___ DATA EXCERPT

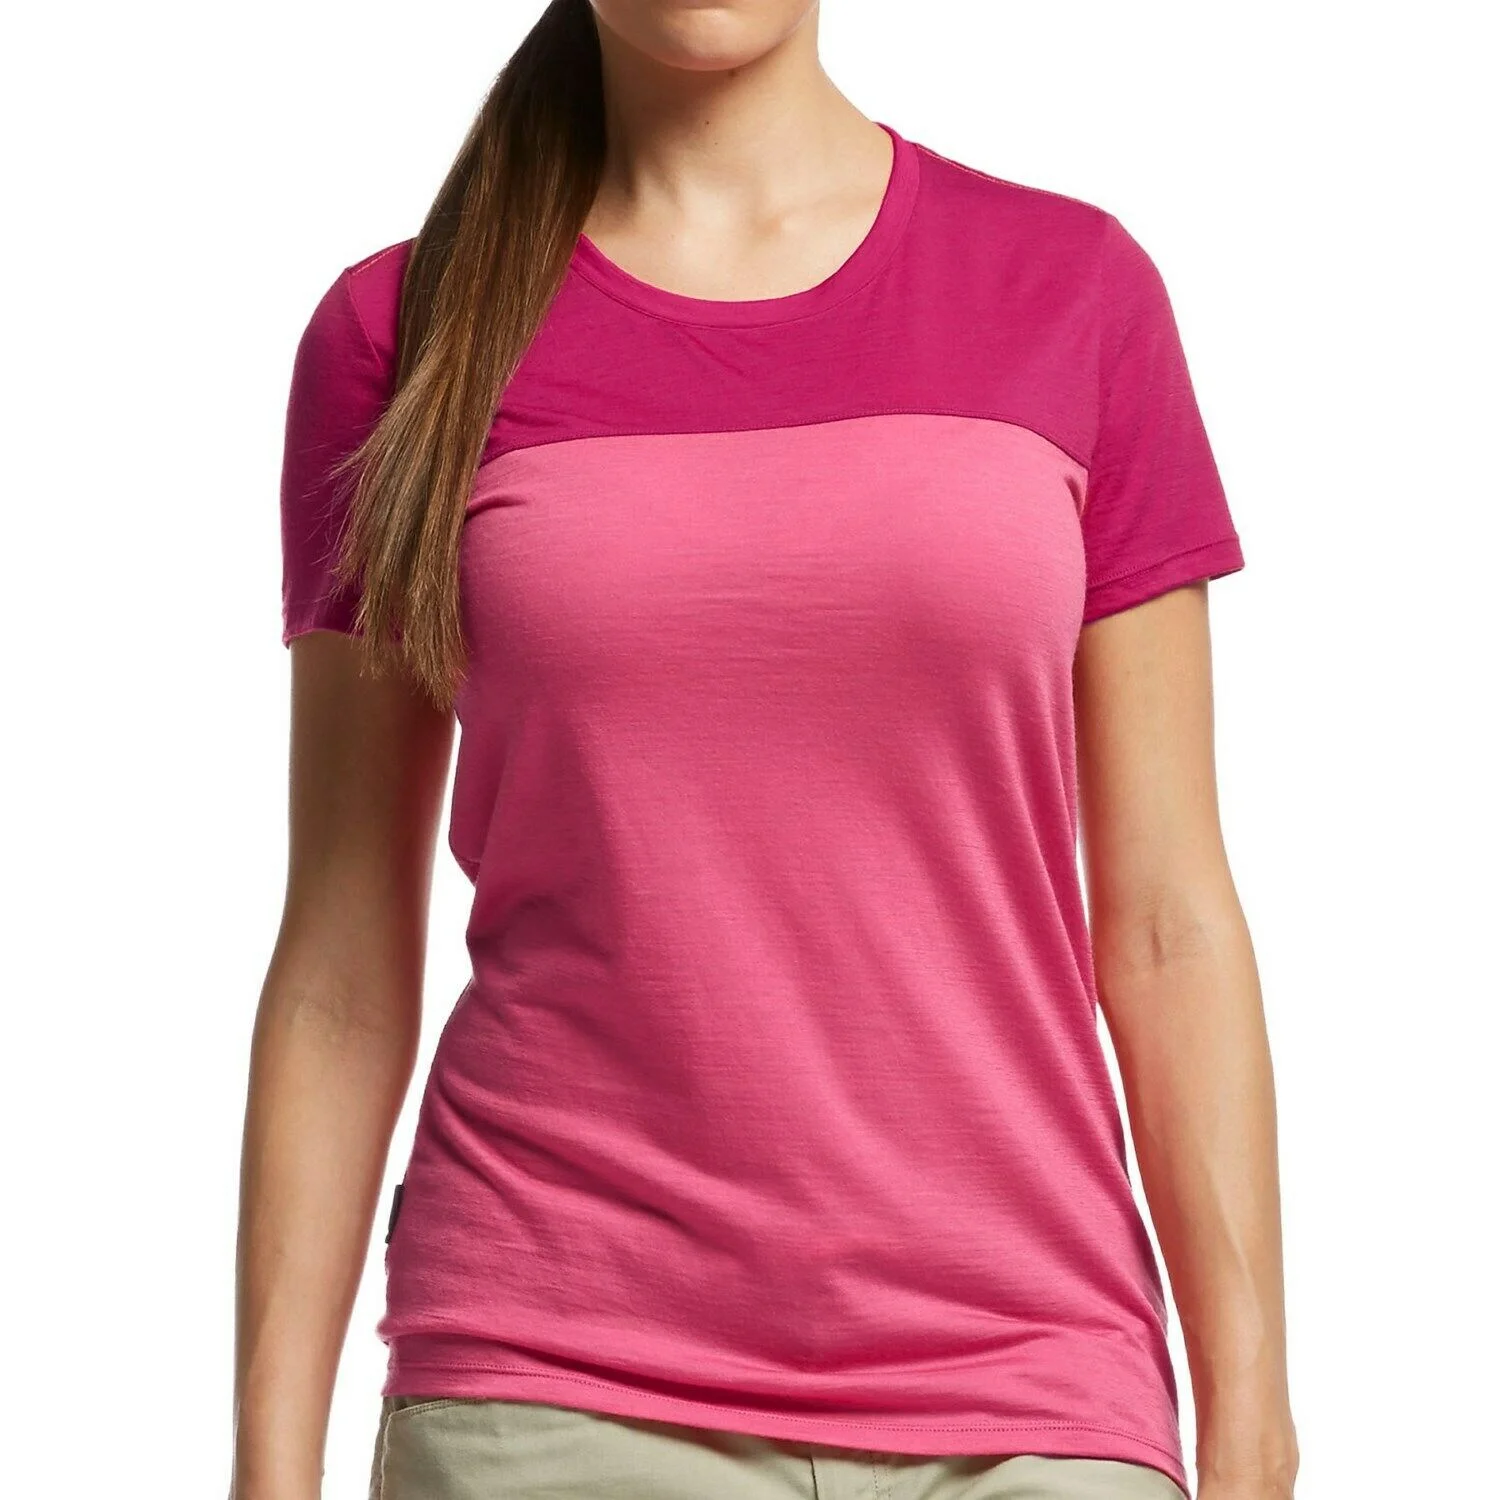 Wholesale Women Activewear T Shirt Supplier Bangladesh Factory
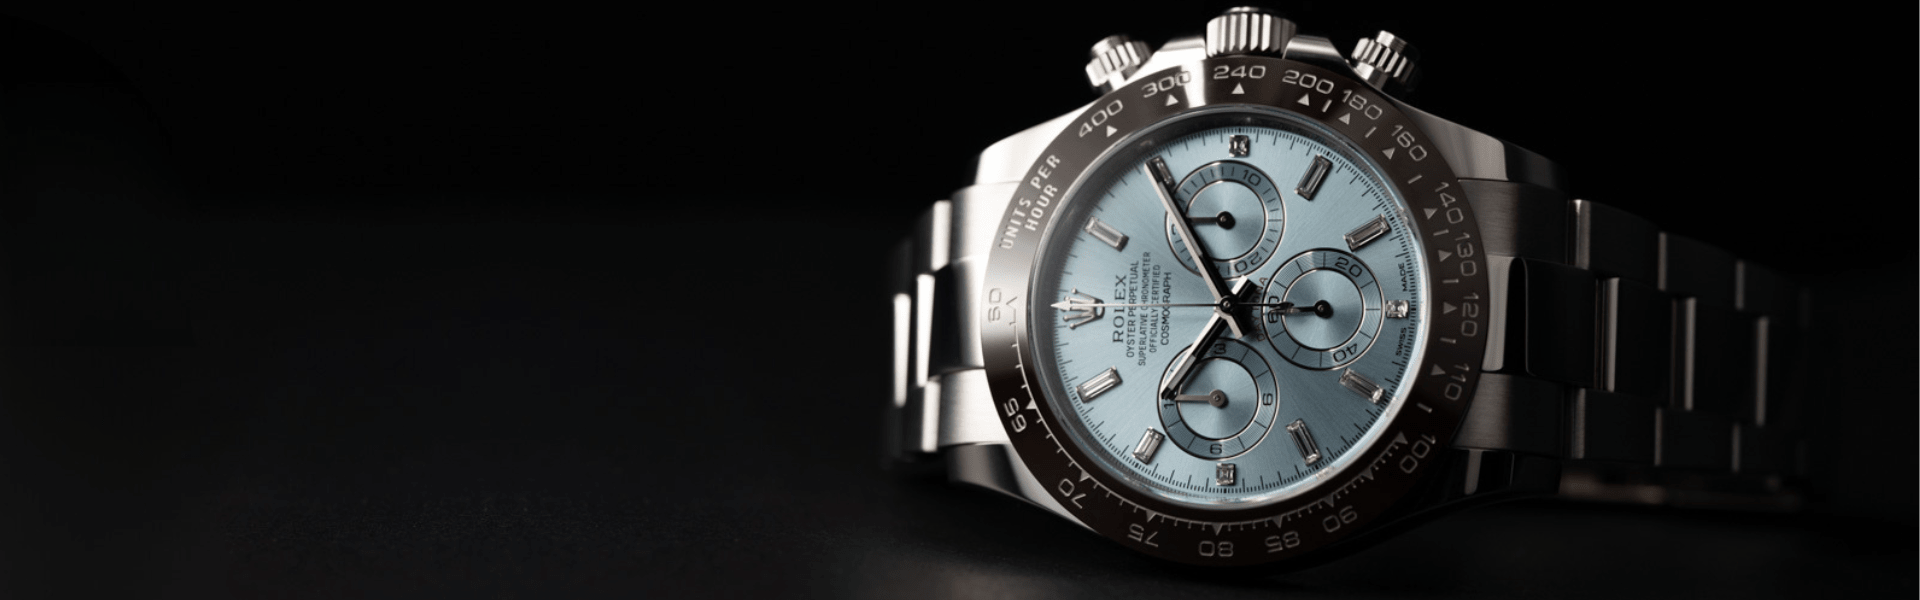 Anant Ambani's Patek Philippe luxury watch costs over INR 18 crores
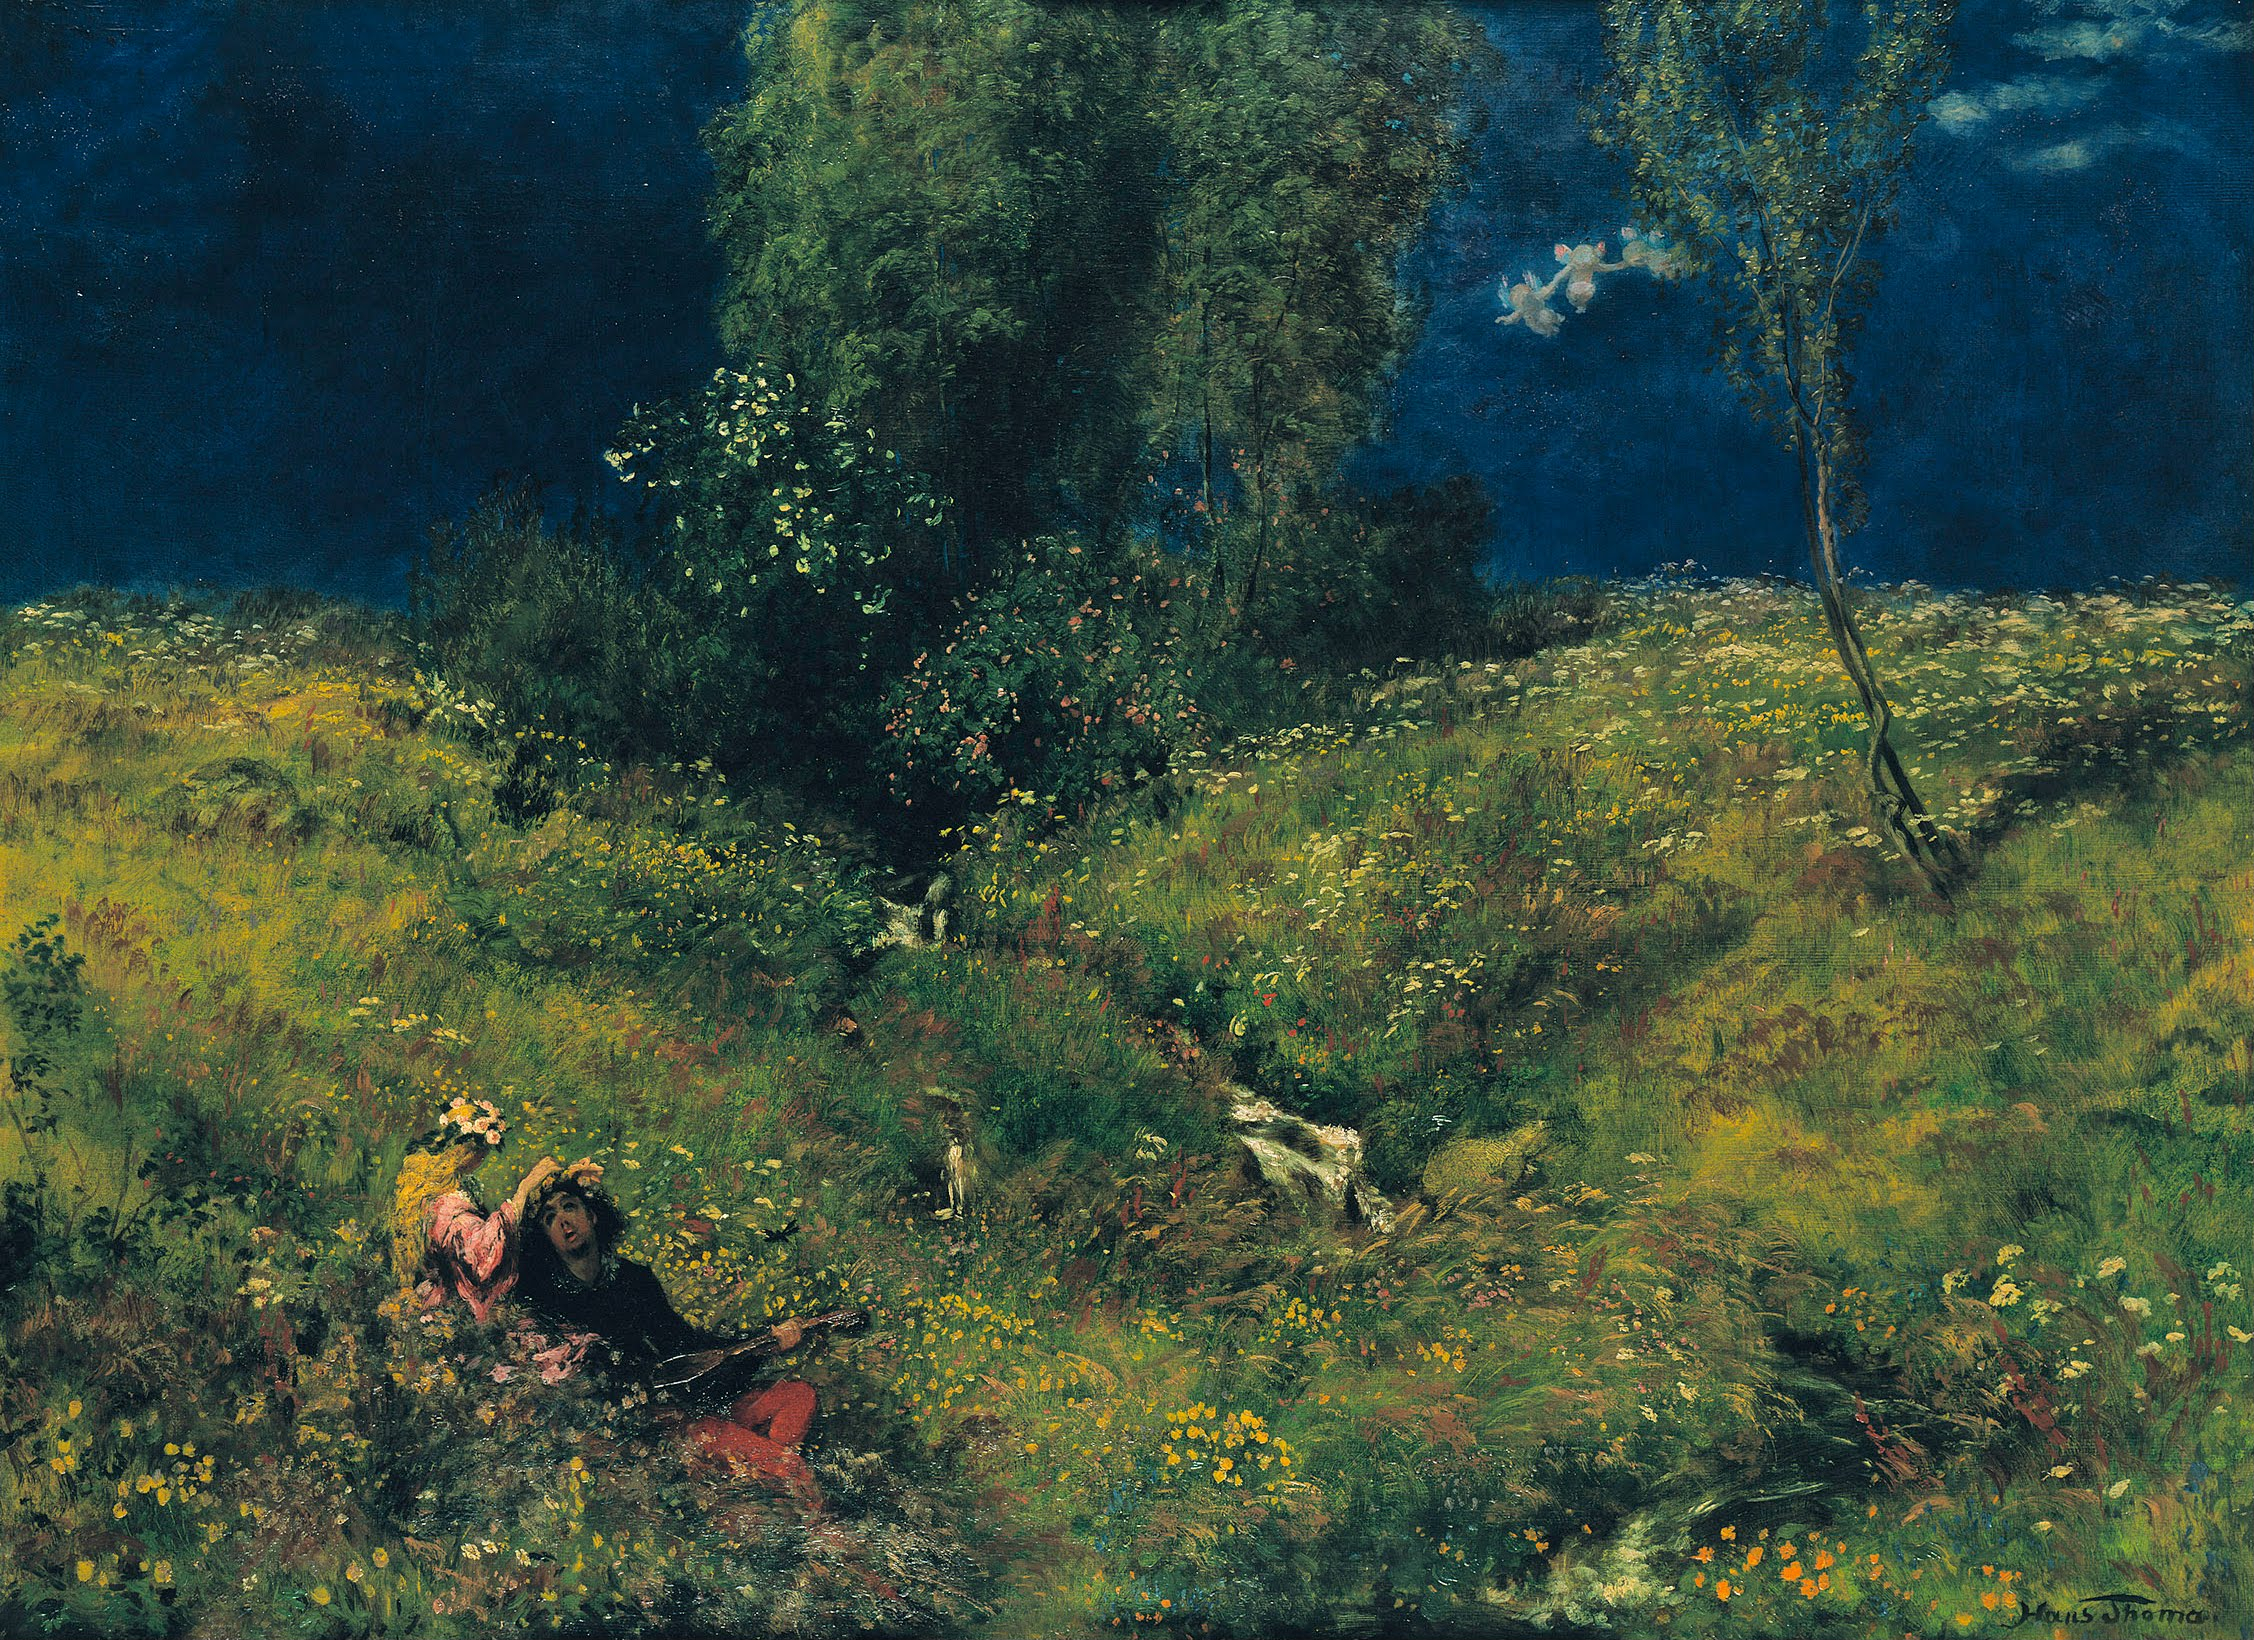 Summer by Hans Thoma - 1872 - 104 x 76.0 cm Alte Nationalgalerie

______

**EXERCISE**
Every line above needs to be written out again as it stands. Pictures do not belong in the copy.

**TASK ANSWER**
 Wholesale Women Activewear T Shirt Supplier Bangladesh Factory
 Anant Ambani's Patek Philippe luxury watch costs over INR 18 crores
 Summer by Hans Thoma - 1872 - 104 x 76.0 cm Alte Nationalgalerie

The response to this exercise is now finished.